DM's Cost-Effectiveness Doubted in CBO Report
DM's Cost-Effectiveness Doubted in CBO Report
MANAGED CARE November 2004. ©MediMedia USA
Congress's financial review agency says that not enough evidence exists to prove that disease management saves money. Many beg to differ.
Uncle Sam isn't too sure that disease management saves money in the managed care world, and has some real doubts that it could ever be applied to Medicare. At least, those are the findings of a Congressional Budget Office study that has proponents, critics, and observers of DM talking.
The report resulted from a congressional request that the CBO look into DM as a way to reduce the entitlement program's costs in light of the launching of disease management demonstration projects as part of Medicare reform. These projects are to be implemented in 10 to 12 sites around the country and cover about 20,000 patients.
"Proponents often claim that disease management programs not only improve quality but also pay for themselves by decreasing the use of acute care services enough to offset the costs of the additional screening, monitoring, and educational services," states the CBO report An Analysis of the Literature on Disease Management Programs. It adds that "there is insufficient evidence to conclude that disease management programs can generally reduce the overall cost of health care services."
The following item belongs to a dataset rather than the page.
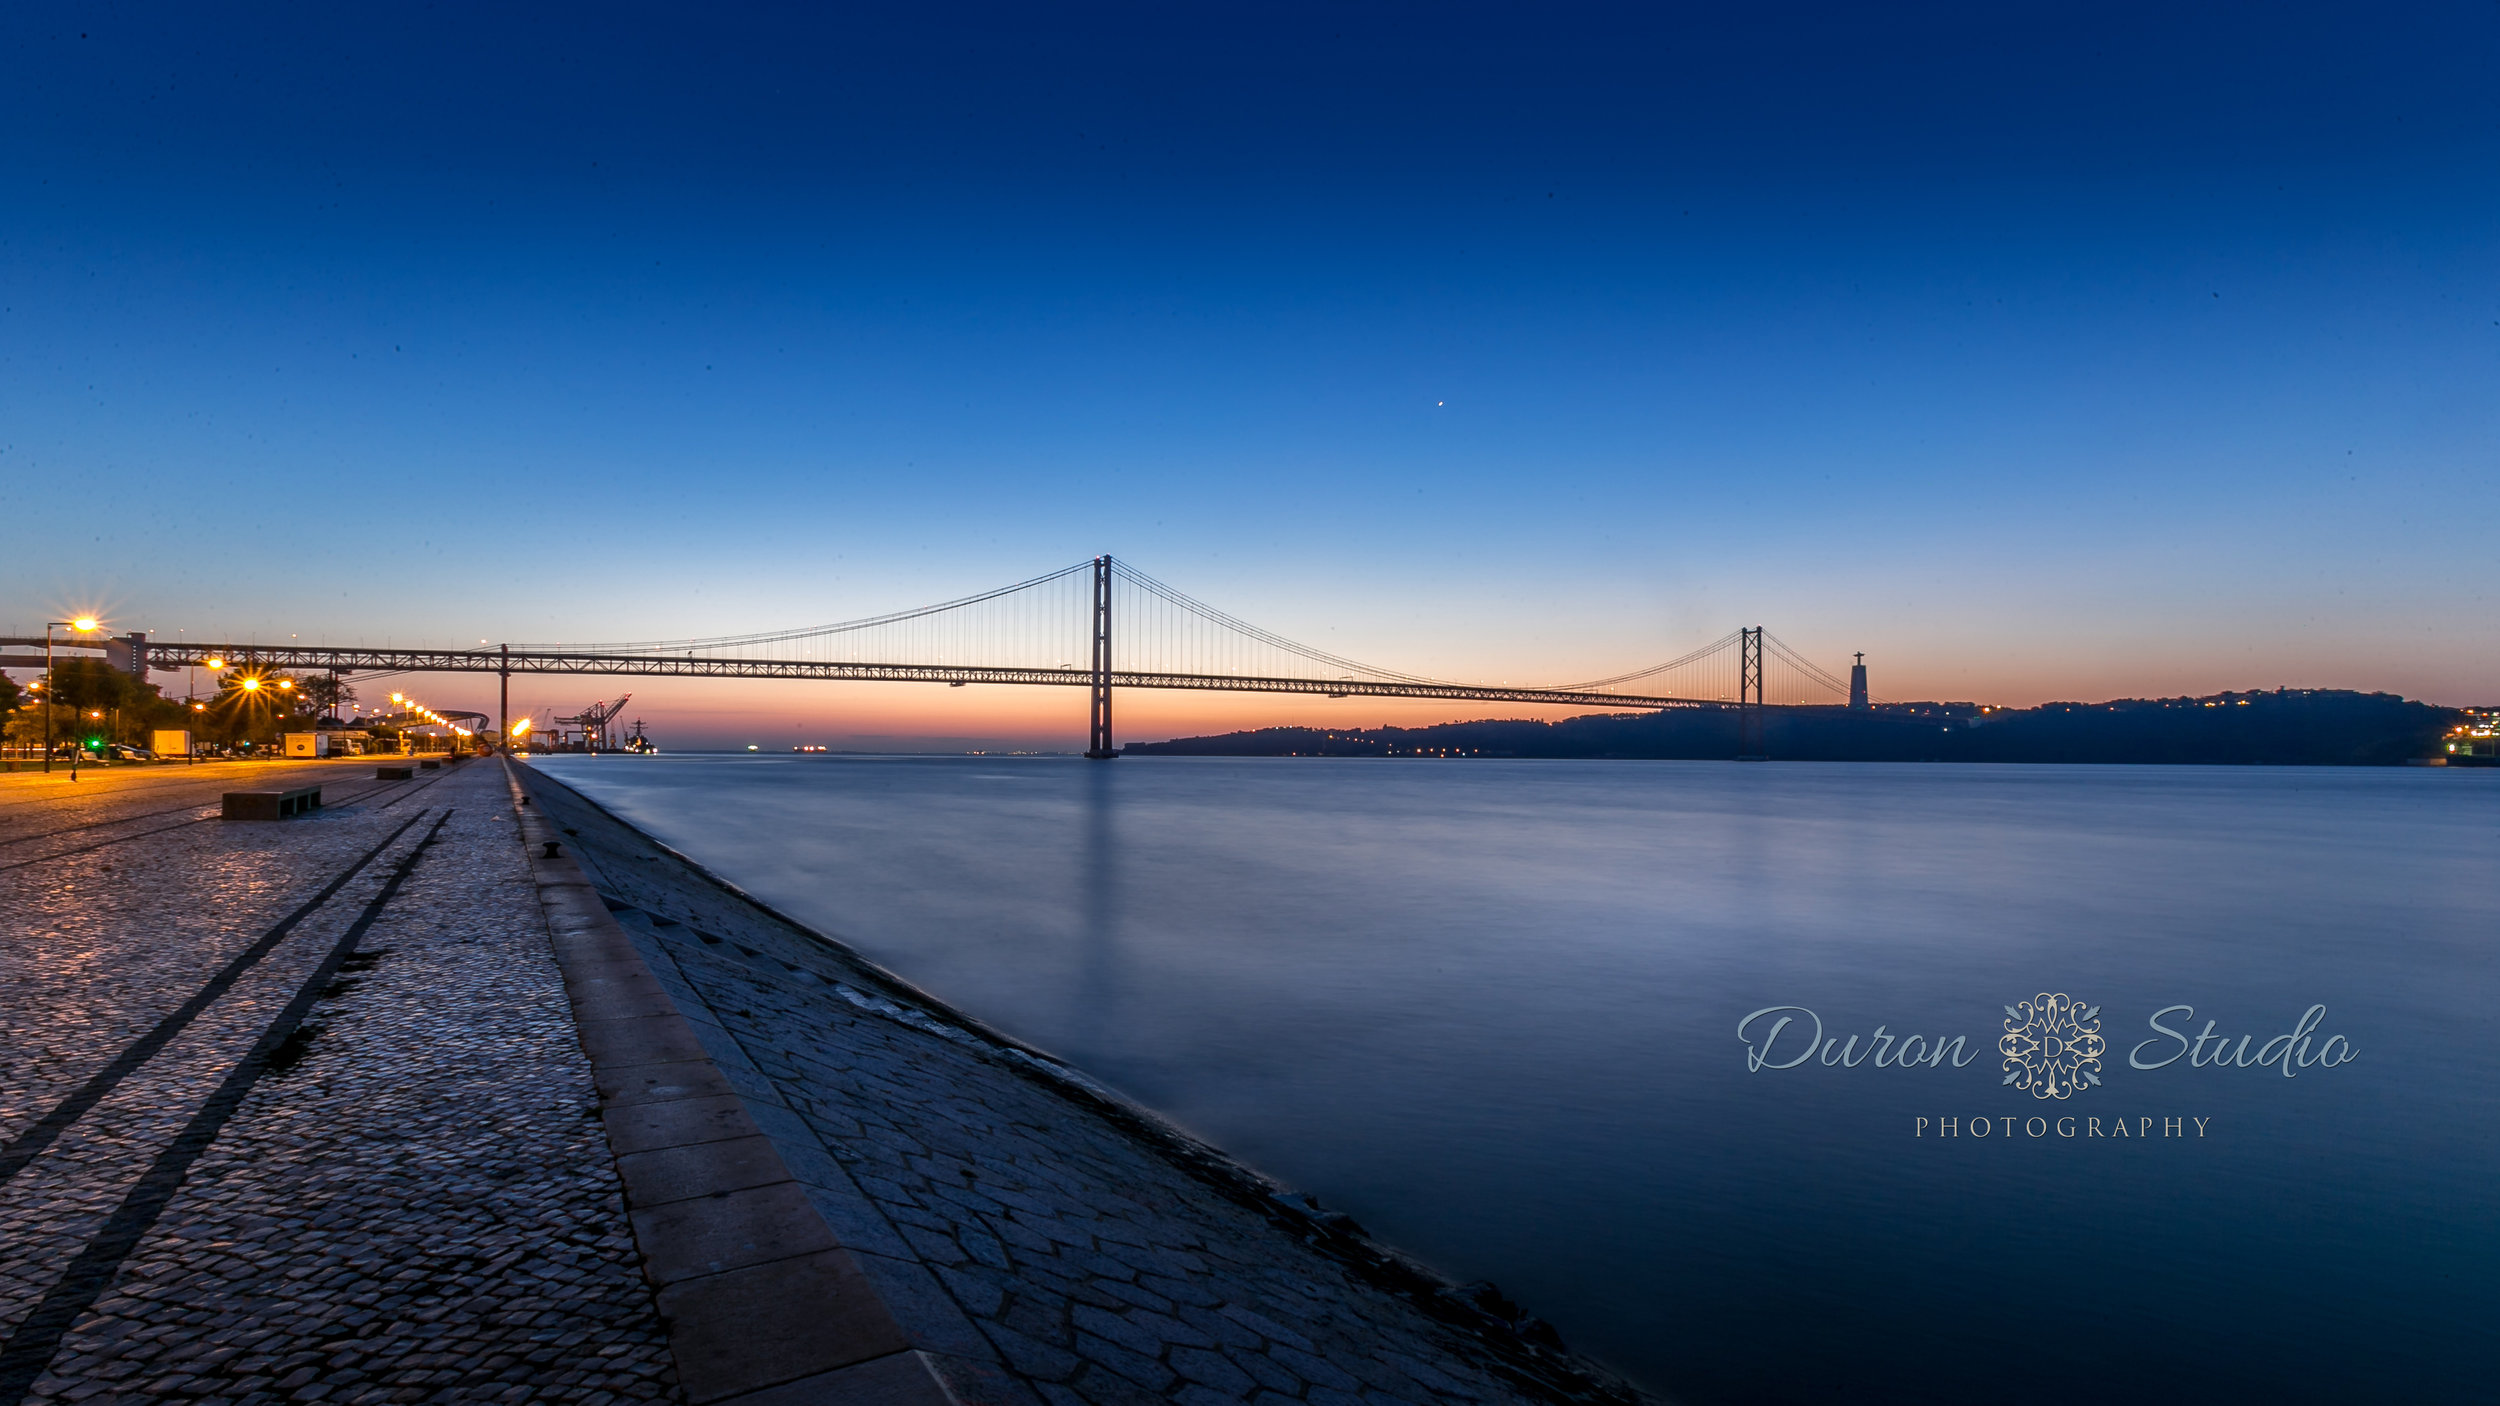 Pointof25ofApril_Bridge_Lisbon  WL.jpg

Reactions range — or rage. The Disease Management Association of America held a news conference Oct. 21 at which it denounced the findings.
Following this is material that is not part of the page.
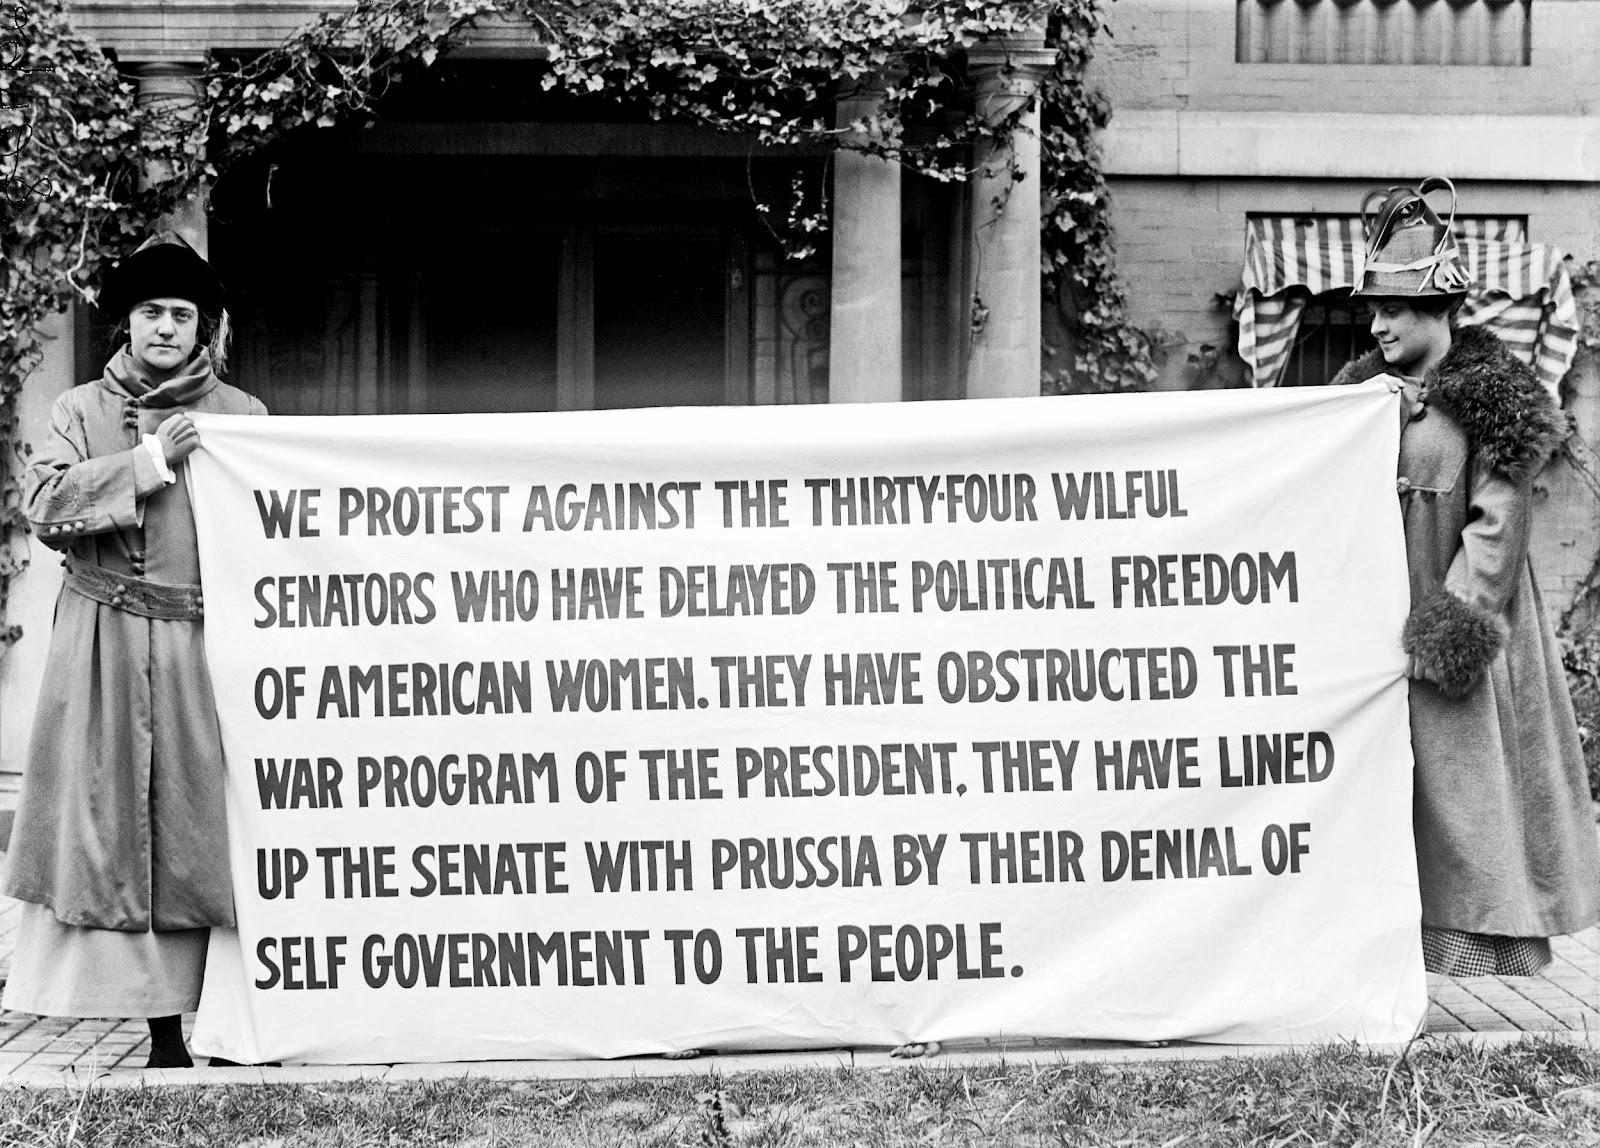 Suffragettes with banner, 1918.jpg

Al Lewis, president of the Disease Management Purchasing Consortium, responds to the CBO report as if it were a personal attack.
"Since I advise over 90 percent of all procurements for plans and states, this is a criticism of my ability to contract since roughly 80 percent of them show savings using my methodologies," says Lewis. "If they were going to pass judgment on my methodologies, they could have called to get a copy of them."
Meanwhile, Lewis takes issue with the CBO's methodology.
"I would say that the entire study overlooks the fact that there are 80 payers in the DMPC and most of them have saved money using our rigorous counting specs," says Lewis. "And the ones that haven't, have gotten their money back. It would have been nice if the CBO had actually called someone who knew what actually happens in the 99 percent of contracts that aren't written up in the peer-reviewed literature, rather than focus on the 1 percent that are. And, by the way, there are far bigger data holes in that literature than in any study design that I would ever recommend."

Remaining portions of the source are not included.